The fraction field contains all of the (unitless) real numbers, as well as all of the unitful measuremens such as $2\,{\rm s}$ or $4000\,{\rm m}$ or $35\,\rm{\frac m{s^2}}$. It also contains a lot of nonsensical elements such as $\frac{42\,\rm{kg}}{3\,{\rm m}+8\,{\rm s}}$, but that doesn't really bother us, because we know that the field-of-fractions construction still keeps the entire system consistent.
We can then define that the computation we're speaking of is well-formed if we can prove that the output always can be written as a real vector (or matrix or whatever) times a scalar such as $1\,{\rm \frac ms}$, which defines the dimension we expect (on physical grounds) that the answer must have.
Once this proof (known to physicists and engineers as dimensional analysis) has been carried out, we can then use an evaluation homomorphism to map all of the unit-variables to $1$, so they disappear from the formulas and the actual calculation can be done on ordinary real numbers.
Whether this is exciting or not is subjective.
Best Answer
$ \def\m#1{\left[\begin{array}{c}#1\end{array}\right]} $The wonderful book $\,$Multidimensional Analysis (by George W Hart)$\,$ addresses this question in detail. It is surprisingly difficult to get it right.

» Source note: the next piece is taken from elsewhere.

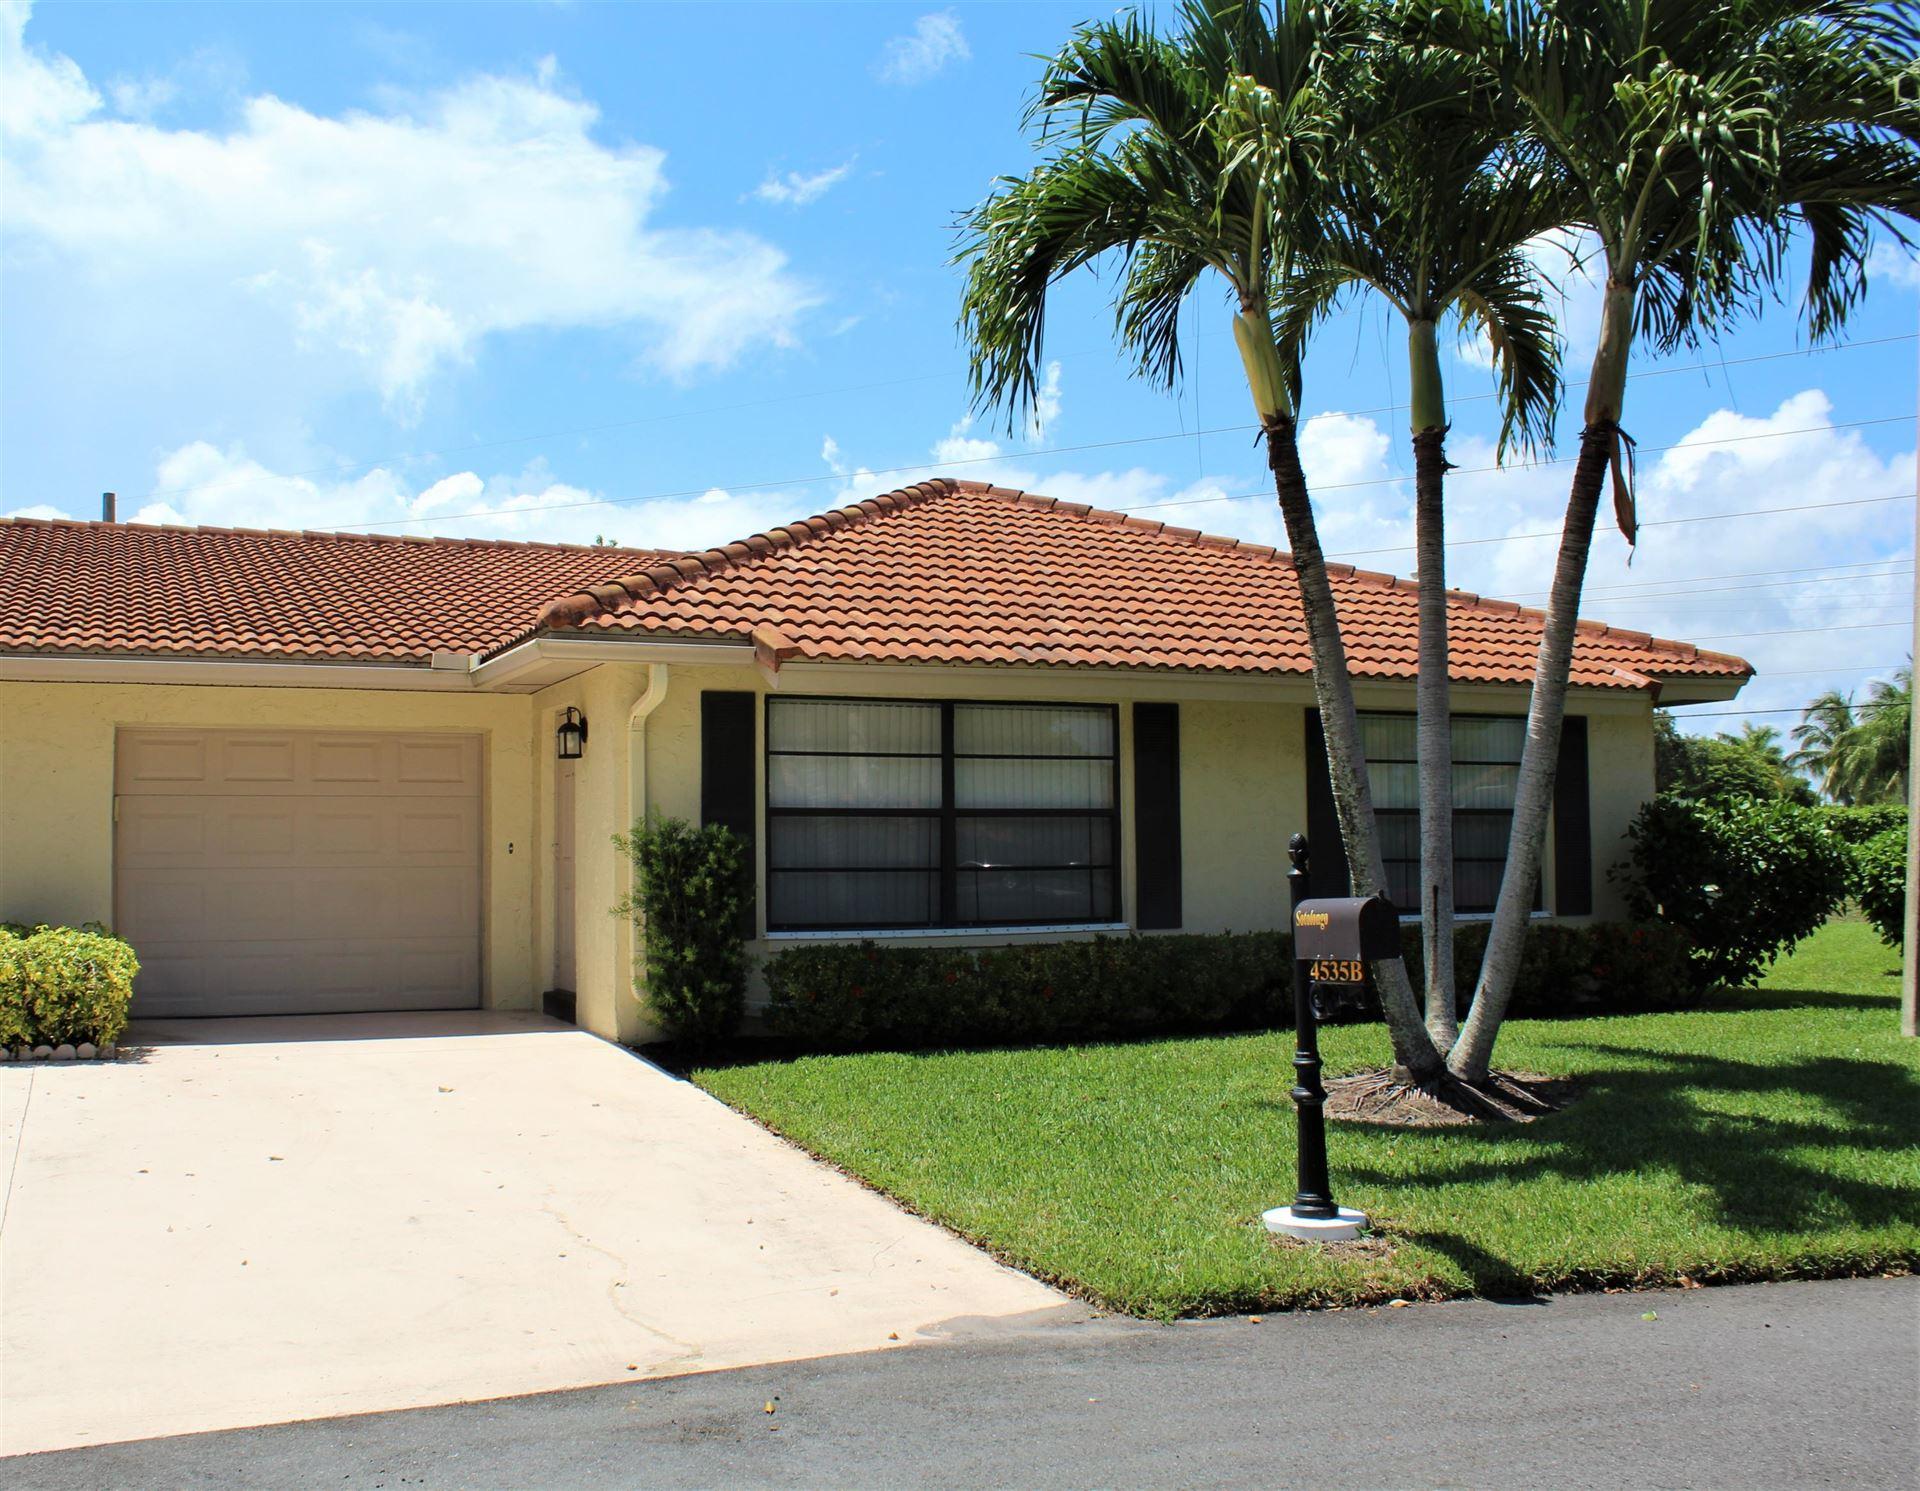 4535 Pandanus Tree Road #B, Boynton Beach, FL 33436 - #: RX-10632575

For example, here is the dimensional sketch of a rectangular matrix and that of its pseudoinverse $$\eqalign{ A &= \m{ (m\cdot C^{-1}) & (m\cdot s\cdot K^{-1}) \\ (kg\cdot C^{-1}) & (kg\cdot s\cdot K^{-1}) \\ (m\cdot s^{-1}\cdot C^{-1})&(m\cdot K^{-1})} \\\\ A^{+} &= \m{ (C\cdot m^{-1}) & (C\cdot kg^{-1}) & (C\cdot s\cdot m^{-1}) \\ (K\cdot s^{-1}\cdot m^{-1}) & (K\cdot s^{-1}\cdot kg^{-1}) & (K\cdot m^{-1}) } \\\\ }$$ Matrices which are squareable must have a special dimensional structure, e.g. $$\eqalign{ B &= \m{ ({\tt1}) & (m\cdot s^{-1}) \\ (s\cdot m^{-1}) & ({\tt1}) } \quad\implies\quad B^2 &\overset{\Delta}{\;=\;} B \\ }$$ In this case, the diagonal elements carry no units, while the units of the other elements are the reciprocal of those in the transposed position. All powers of $B$ carry the same units.
Likewise, functions of $B$ such as the square root or exponential, carry the same units as $B$.
Note that for the rectangular matrix above $$\eqalign{ AA^+ &= \m{ ({\tt1}) & (m\cdot kg^{-1}) & (s) \\ (kg\cdot m^{-1}) & ({\tt1}) & (kg\cdot s\cdot m^{-1}) \\ (s^{-1}) & (m\cdot s^{-1}\cdot kg^{-1}) & ({\tt1}) } \\\\ A^+A &= \m{ ({\tt1}) & (C\cdot s\cdot kg^{-1}) \\ (kg\cdot s^{-1}\cdot C^{-1}) & ({\tt1}) \\ } \\ }$$ So these projection matrices are squareable.
Also, an identity matrix has no dimensions on its diagonal elements, but does carry dimensions in its off-diagonal elements. An equation like $(I+B)$ only makes sense if $I$ carries the same units as $B$.
So there is not one, but an infinite number of $2\times 2$ identity matrices when units are included.